Выбрать главу

Консерватизм невозможен. Нужны более общие идеи чем, идеи организмов государства – идеи поэзии, и ее не уловишь в Америке и в образующейся новой Европе.

В ноябре он из Германии в Италии, пережив смерть брата Николая в Гиере 20.9.1860, «Николинькина смерть самое сильное впечатление в моей жизни» (13.10.1860); кроме того, братья умирают от туберкулеза, его признаки Толстой видит и у себя. Из Италии он будет к ранней весне 1861-го в Париже и потом Брюсселе, потом в Германии и 12.4.1861 русская граница, возвращение после девяти месяцев на Западе, есть когда и о чём подумать. Прочитаем последние три записи, они связаны, в дневнике 1860 года с промежутком в 4 дня между 29 октября/10 ноября и 1/13 ноября:

10 Nоября {Толстой перешел на новый стиль западный и заодно пишет N латинское, это связано между прочим с тем, что для него не было проблем языков и национальных различий, просто дыхание менялось от перемены воздуха}. Лет 10 не было у меня такого богатства образов и мыслей, как эти 3 дня. Не пишу от изобилия.
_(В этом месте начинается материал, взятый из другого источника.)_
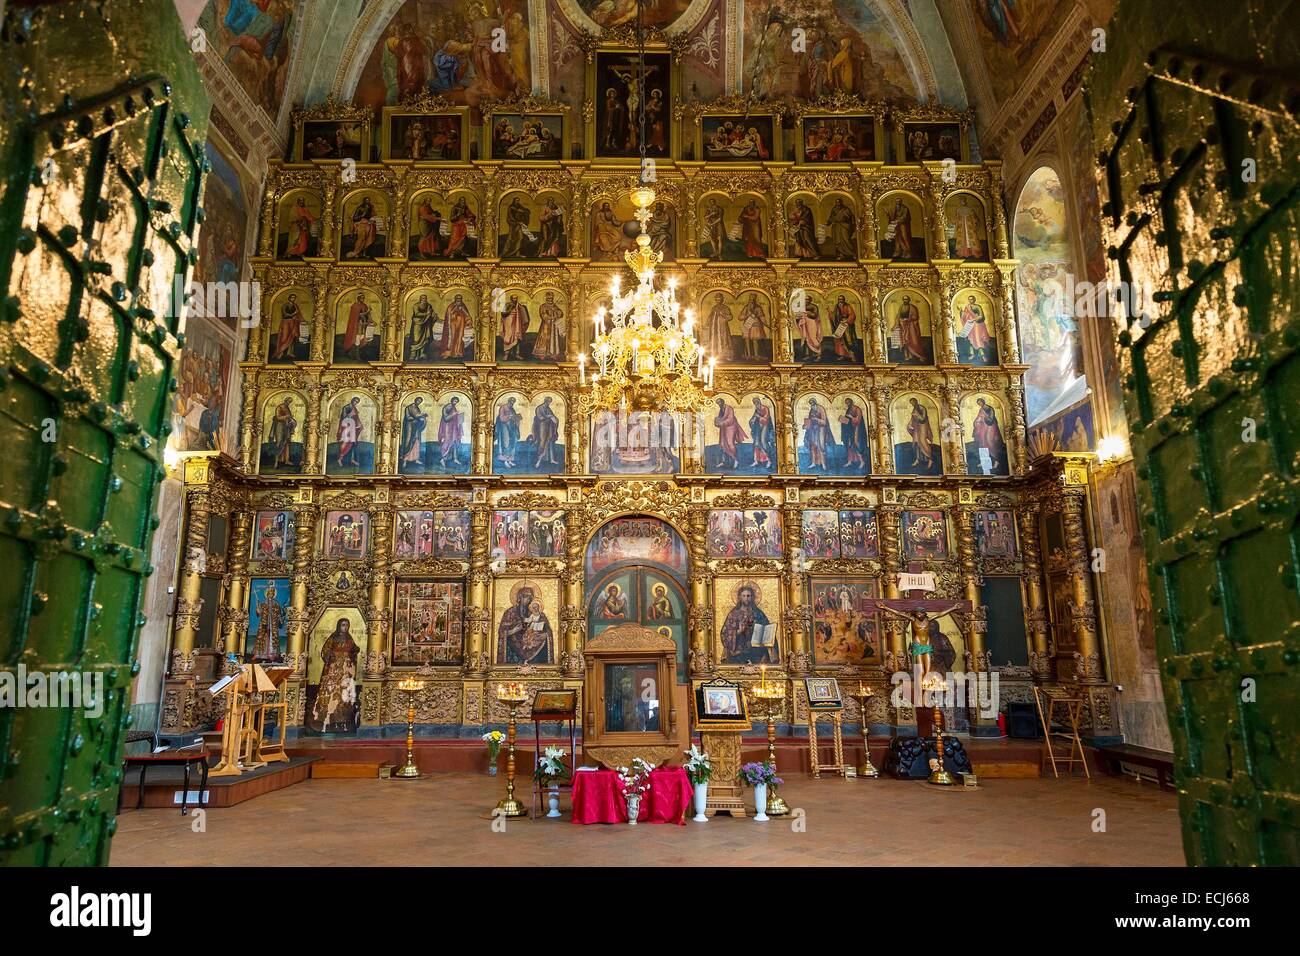 La Russie, l'anneau d'or, Cathédrale de la Transfiguration, Uglich Banque D'Images

Эта запись похожа на будущую 30.12.1862, отчасти цитированную: «Пропасть мыслей, так и хочется писать. Я вырос ужасно большой».

12 Nоября (1860). Умер в мученьях мальчик 13 л[ет] от чахотки {полтора месяца назад умер брат Николай, дневниковая запись о невозможности консерватизма кончалась фразой «Целый день боялся за свою грудь», он же рядом с умирающим от туберкулеза, и сам легко может, «уж недалеко до отправления туда», запись 13/25.10.1860, так что о мальчике умершем это почти о себе; как понять разумность, закономерность, если смерть так вдруг уносит; как оправдать судьбу}. За что? Единственное объяснение дает вера в возмездие будущей жизни. Ежели ее нет, то нет и справедливости, и не нужно справедливости, и потребность справедливости есть суеверие. —

Если не надо справедливости и возмещения в будущей жизни, то чем жить, на что надеяться.

13 Nоября (1960). – Справедливость составляет существенную потребность [зачеркнуто: души] человека к человеку. То же отношение человек ищет в своем отношении к миру. Без будущей жизни его нет. Целесообразность! Единственный неизменный закон природы, скажут естественники. Ее нет в явлениях души человека – любви, поэзии, в лучших явлениях. Ее нет. Всё это было и умерло, часто не выразившись. – Природа далеко переступила свою цель, давши человеку потребность поэзии и любви, ежели один закон ее целесообразность.

Следовательно – Толстой смеет довести мысль до конца – естественники неправы. Целесообразность, т. е. равновесие между действием и результатом, справедливость в этом смысле, не закон природы. Она растрачивается без причины, без выгоды, даже без проявления. Не сказано слово жертва, но мысль об этом. Поэзия и любовь растрачиваются без мысли о компенсации, без справедливого воздаяния и без целесообразности. Возможно, слово жертва не появляется у Толстого потому, что это его природа. Когда он, чувствуя глупость своего брака, принимает жену и семью как свою судьбу или когда он потом в старости тайком от жены подписывает в лесу с юристами документы об отказе от своего права на литературную собственность, речи о жертве ни у него, ни вокруг не идет; глупость, чудачество, не больше. Как в сценке из Гиляровского о том, как москвичи смеялись над старым графом, бросающимся помочь возчику поправить отвалившееся колесо. Поэзия это и есть та «более общая идея», которая сильнее, чем целесообразность и справедливость. – Есть ли здесь у Толстого противостояние науке и позитивизму? «Естественники неправы» не спор, а констатация. Толстой уверенно говорит из своей строгой научности и своего крутого позитивизма: поэзию и любовь он в основе жизни видит с такой же и с еще большей отчетливостью, как естественник – дергание отрезанной ножки лягушки от электрического разряда. Если у естественника нет глаз видеть, Толстой в этом не виноват и за это не отвечает. Он при важном деле, и как ученый не должен думать о привычках большинства. Как действительный член Общества любителей российской словесности (основано в 1811 г. при Московском университете) он говорил на заседании 4.2.1859, что русская литература, т. е. значит русская философия и русская наука, «не есть перенесенная с чужой почвы детская забава, а есть серьезное сознание серьезного народа». Читать надо с поправкой на понятие сознания, которое понимается уже и здесь не в обычном смысле этого слова, как в дневнике 20.5.1862 «Как будто опять возрождаюсь к жизни и к сознанию ее», сознание как сама жизнь (и возрождение как жизнь). Это слово как термин будет принижено у Толстого, когда он заметит что слово «сознание» не звучит, не проходит, не доходит. Сознание в смысле смотрительства, наблюдающего водительства природы не нужно, вернее вредно.